Птицын вновь потянулся трясущимися руками к стакану, опять залпом выпил его.
— Вы встречались с профессором Максом Зауэром из Франкфурта?
— Один раз виделся в научно-техническом комитете. Деловая встреча — и только. На том совещании было много народу.
— Возможно. А как у вас оказался портфель Зауэра?
— Никакого портфеля Зауэра я в глаза не видел! — Птицын схватился рукой за левый бок.
Георгиев протянул ему лист бумаги: Северцев писал о том, что видел на заседании комитета черный лакированный портфель у Зауэра, а из комитета портфель под мышкой уносил Птицын.
— Северцев меня оговаривает, сводит личные счеты: мы с ним враждуем давно, почти десять лет, с тех пор, как я не разрешил ему разваливать Сосновский комбинат.

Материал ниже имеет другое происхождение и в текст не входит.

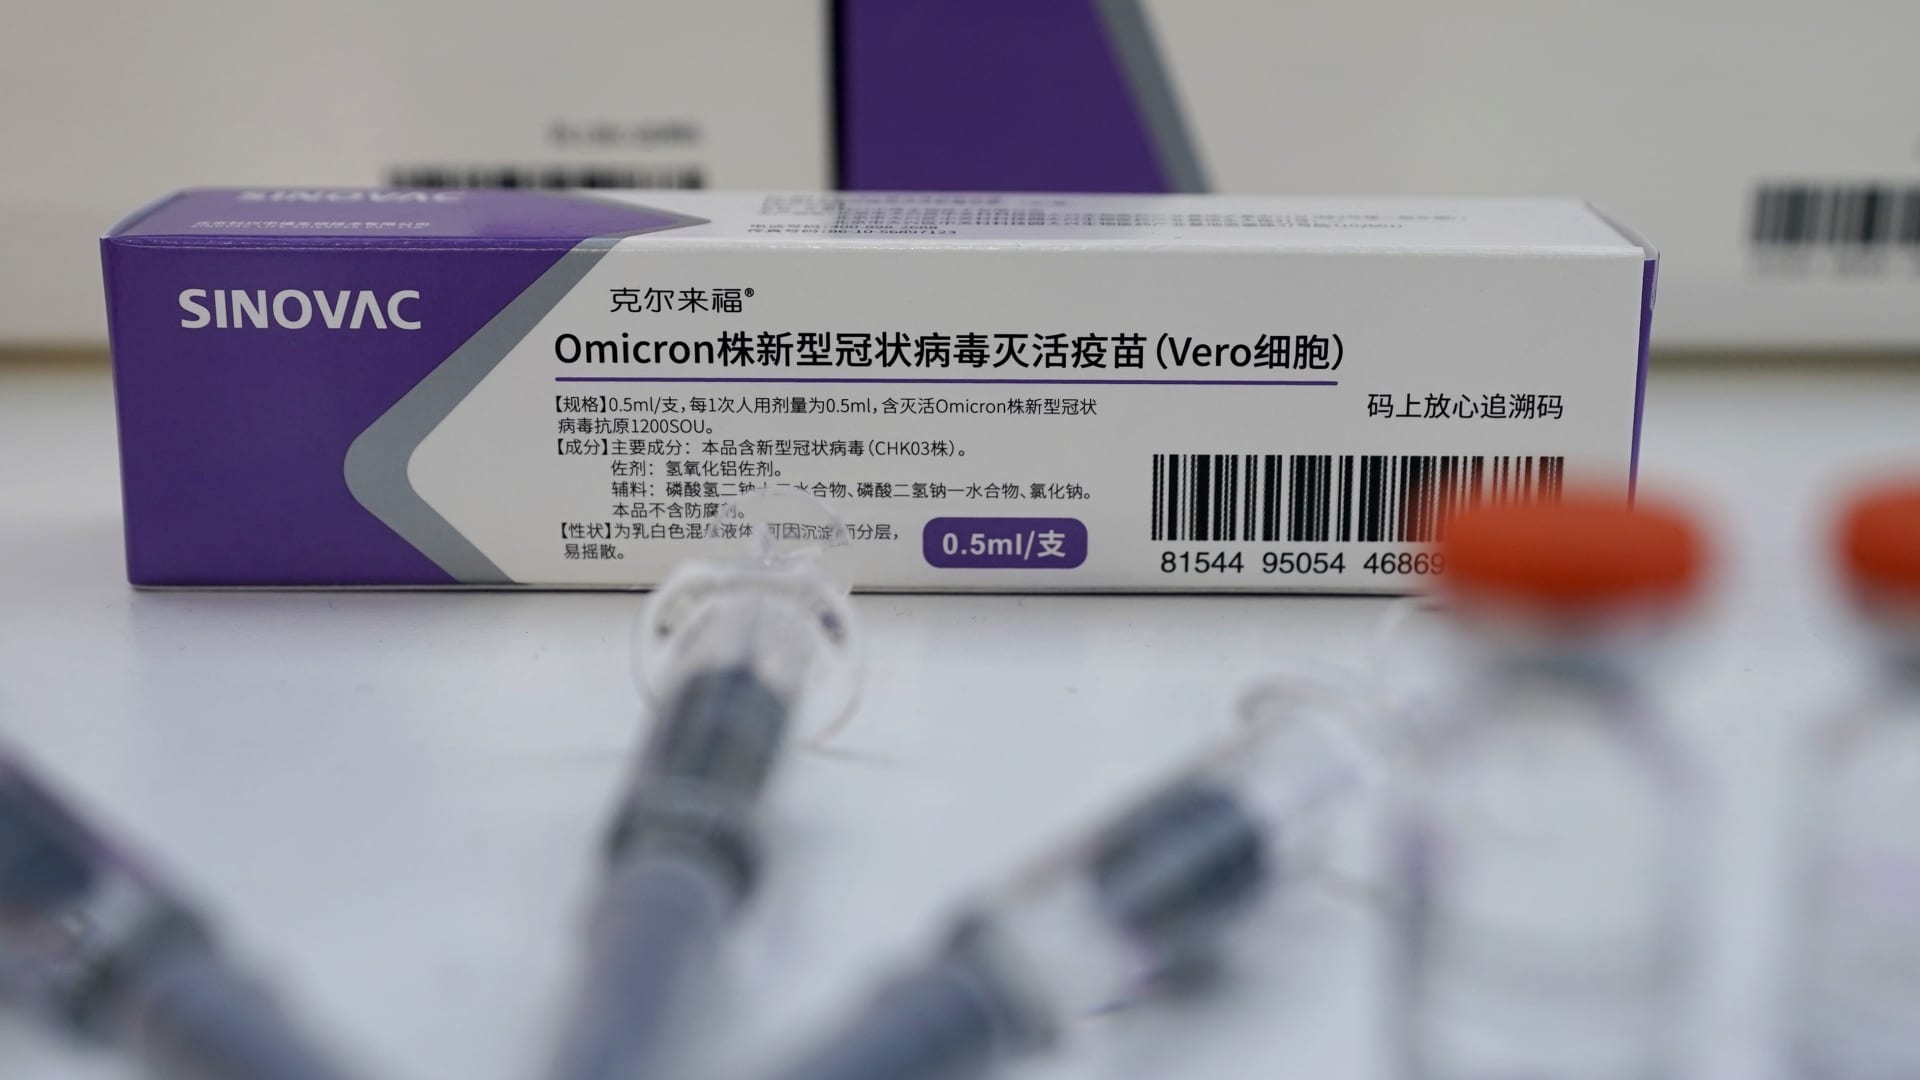 China ought to put aside politics and take a look at Covid jab imports, world’s largest vaccine maker says

— Что было в портфеле? — поинтересовался Снегов.
— Портфеля не было! Ничего не было! — истерически закричал Птицын.
— Истерик не нужно, — сказал Георгиев и, покрутив телефонный диск, сказал в трубку: — Приведите!
Птицын ждал: с кем сейчас у него будет очная ставка — с Асей, или со сторожихой Дашей, или с какой-нибудь курьершей, или с Северцевым? Он их всех сейчас ненавидел: они предали его! Ну, и он не будет с ними церемониться, особенно с этой сучкой Аськой!.. Найдет что сказать про каждого из них! Око за око, зуб за зуб…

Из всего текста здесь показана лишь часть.